Regarding the effect of education, if education is an indicator of social status, the results show that users of higher social status are using the service more frequently. This interpretation is not plausible for at least two reasons. First, the income variable, which is often highly correlated with social status, did not affect the frequency of service use (Table 6). Second, the educational level of a significant majority of users was at or lower that high school education, hardly a measure of social status. A more convincing interpretation of the effect of education on frequency of service use is that users with higher levels of education are more informed citizens who are more likely to use the services or opportunities available in their communities.
By construction, the individuals in our sample were all service users, which has limited the analysis and its implications. Data on those who were aware of the service but did not use it would have provided a better understanding of usage factors.
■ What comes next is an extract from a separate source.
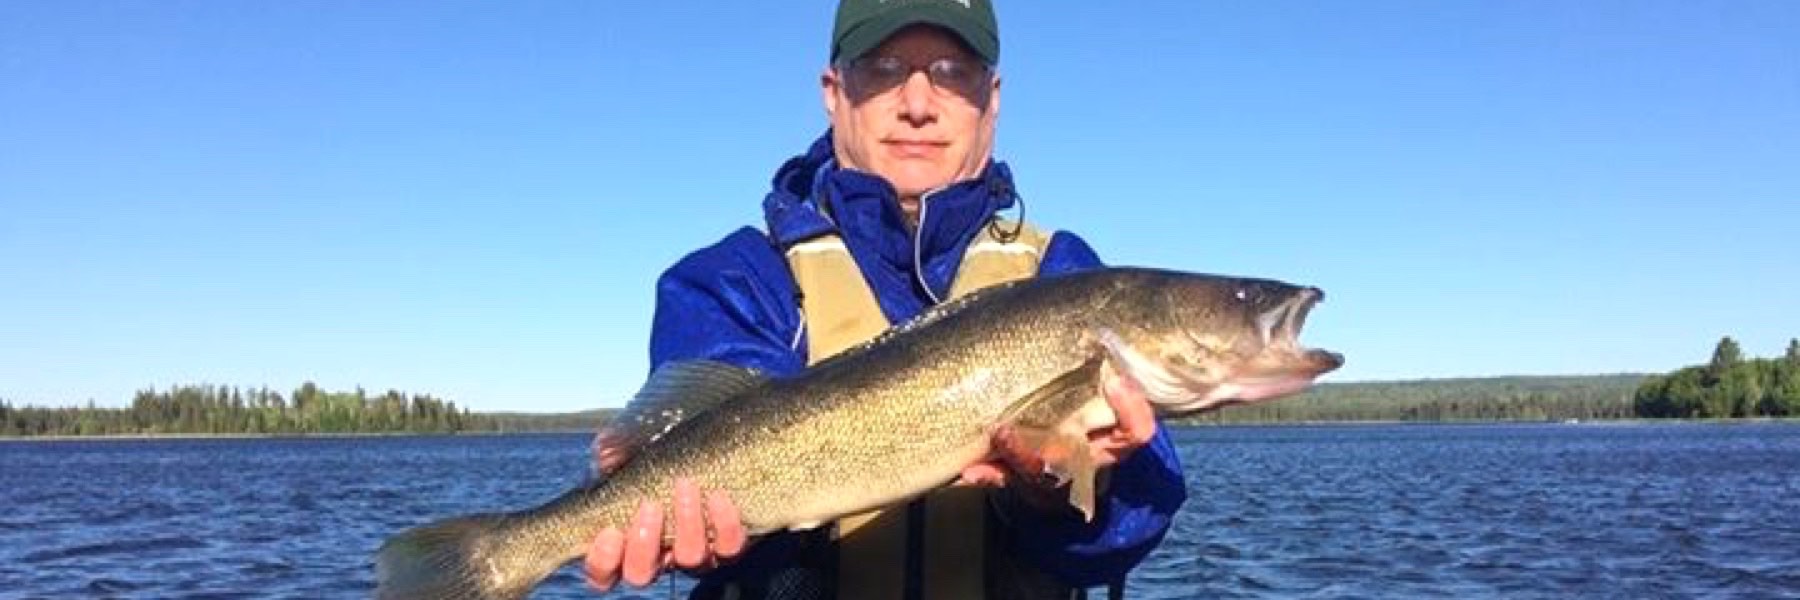 Pristine Waters, Trophy Walleye Fishing - Loch Island Lodge and Camp Lochalsh - Ontario, Canada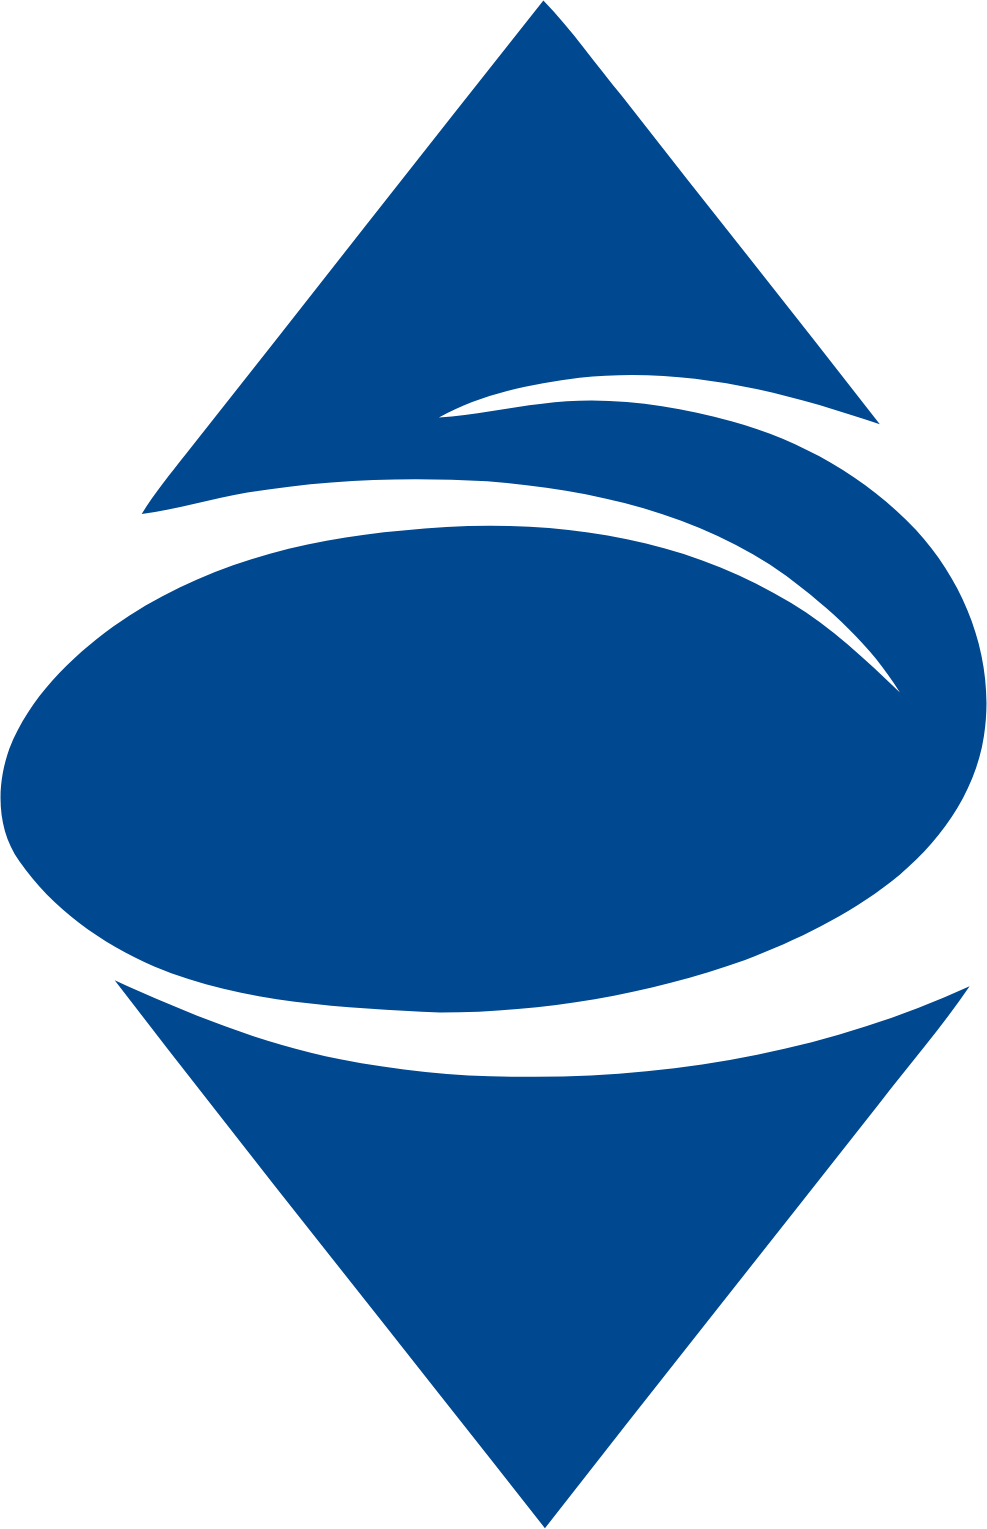 Otter Tail Corporation Logo

Also, as a relatively new service, repeated use by individual users is likely to increase over time, which may yield greater observed variation in frequency of use to assist discrimination among significant predictors.
This study examined the success of the NH Connections service in enhancing rural and northern communities' access to healthcare services, in particular among those with limited means and resources. Overall, the Connections service appears to have reached to people with medical need and those of lower economic status in terms of employment, who may otherwise have found it difficult to access healthcare services outside their communities. Therefore, as an innovative healthcare policy, the Connections service model may be useful in other rural and remote jurisdictions.
Ultimately, however, enhanced access to needed health care should result in improved health. Therefore, a follow-up study on actual health improvement among the Connections service clients would be valuable. An equally important analysis yet to be undertaken is a cost-effectiveness assessment of this service compared with available alternatives.
Funding was obtained from the Northern Health Authority of British Columbia for an evaluation of the service. This article uses some of the data collected for that evaluation.